Photo: Roseline Coffee
SAN FRANCISCO, CA
Andytown Coffee Roasters
Location: 3655 Lawton St., San Francsico, CA
San Francisco has garnered a reputation for being a tech-bro, yippie hub filled with sleek coffee shops teeming with fancy brewing tools and indie records. Since its launch, Andytown Coffee Roasters has set out to be different. This Outer Sunset fave grew from a desire to serve amazing, fresh coffee roasted in-house, and home-baked Irish soda bread in a cozy space. The husband and wife team consists of Michael McCrory (who’s from Belfast, hence the soda bread) and Lauren Crabbe and they have turned their dreams of homey, Irish bliss into a 580-square foot storefront that’s a cafe, roastery, and home away from home, all in one.
Photo: Peter Cochrane
TULSA, OK
Topéca Coffee Roasters
Location: Multiple Locations
Topéca Coffee Roasters has what other roasteries can only dream of—two farms in El Salvador where beans are grown, milled and roasted. Descending from a long lineage of coffee producers, the family-owned operation has thoughtfully created a seed-to-cup business, ensuring quality, transparency, and sustainability.
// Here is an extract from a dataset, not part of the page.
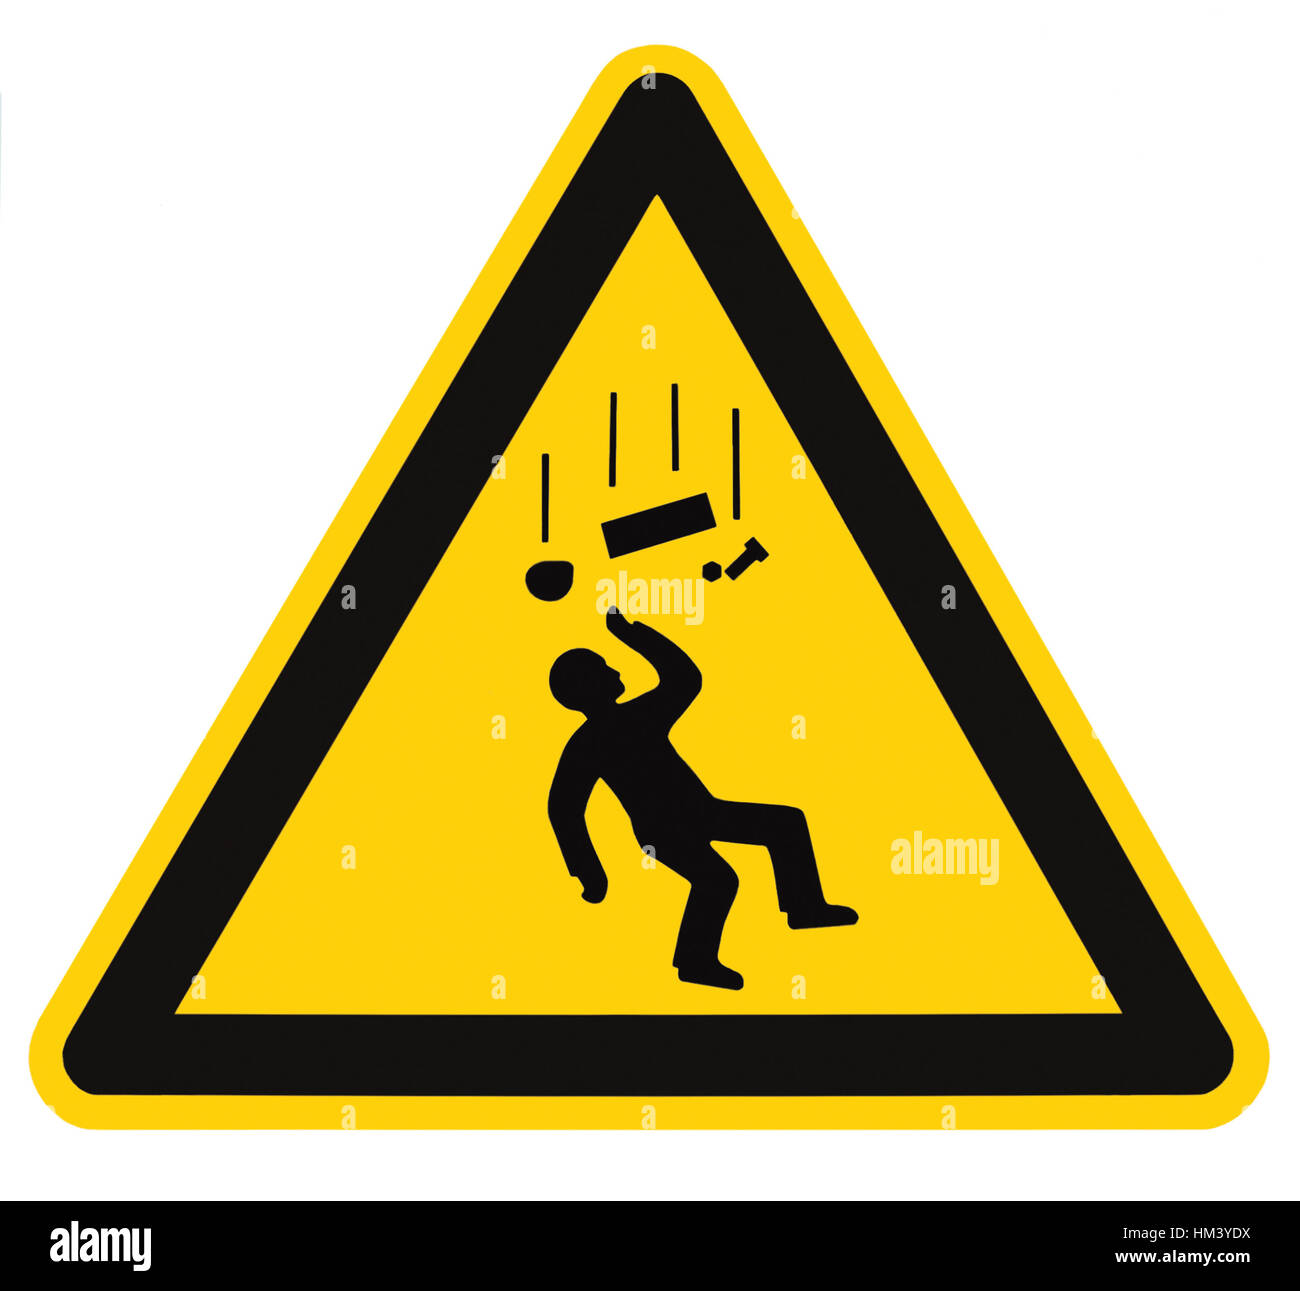 Panneau d'avertissement Danger, chute d'objets isolés, label triangle noir sur jaune, grand macro closeup Banque D'Images

And with their many ventures including a second roastery in Tulsa, two cafes, a bakery, and a craft-coffee and cocktail bar (and more on the horizon), Topéca offers unlimited ways for customers and baristas to enjoy their unique product.
Photo: Topéca Coffee
TucSon, AZ
Presta Coffee Roasters
Location: Multiple Locations
When Curtis Zimmerman was unsuccessful in his search for decent coffee at St. Mary’s hospital in Tucson, Arizona, where his wife was working, he decided to take matters into his own hands. He launched Stella Java, the hospital’s first (and probably only) pop-up coffee cart selling top-shelf espresso drinks. This bizarre marriage of scrubs and grounds worked so well that it has since grown into two cafes and Presta, his roastery located in one of the them. With the lobby brew days behind him, Zimmerman is able to source beans directly from Colombia, Ethiopia and other growing regions. He also continues to create community-driven coffee programs, from Tuesday morning cuppings at the roastery, where Presta’s 120 PSI espresso blend can be sampled, to latte art throw downs. Suffice to say, Presta has always been doing things a little differently from the rest.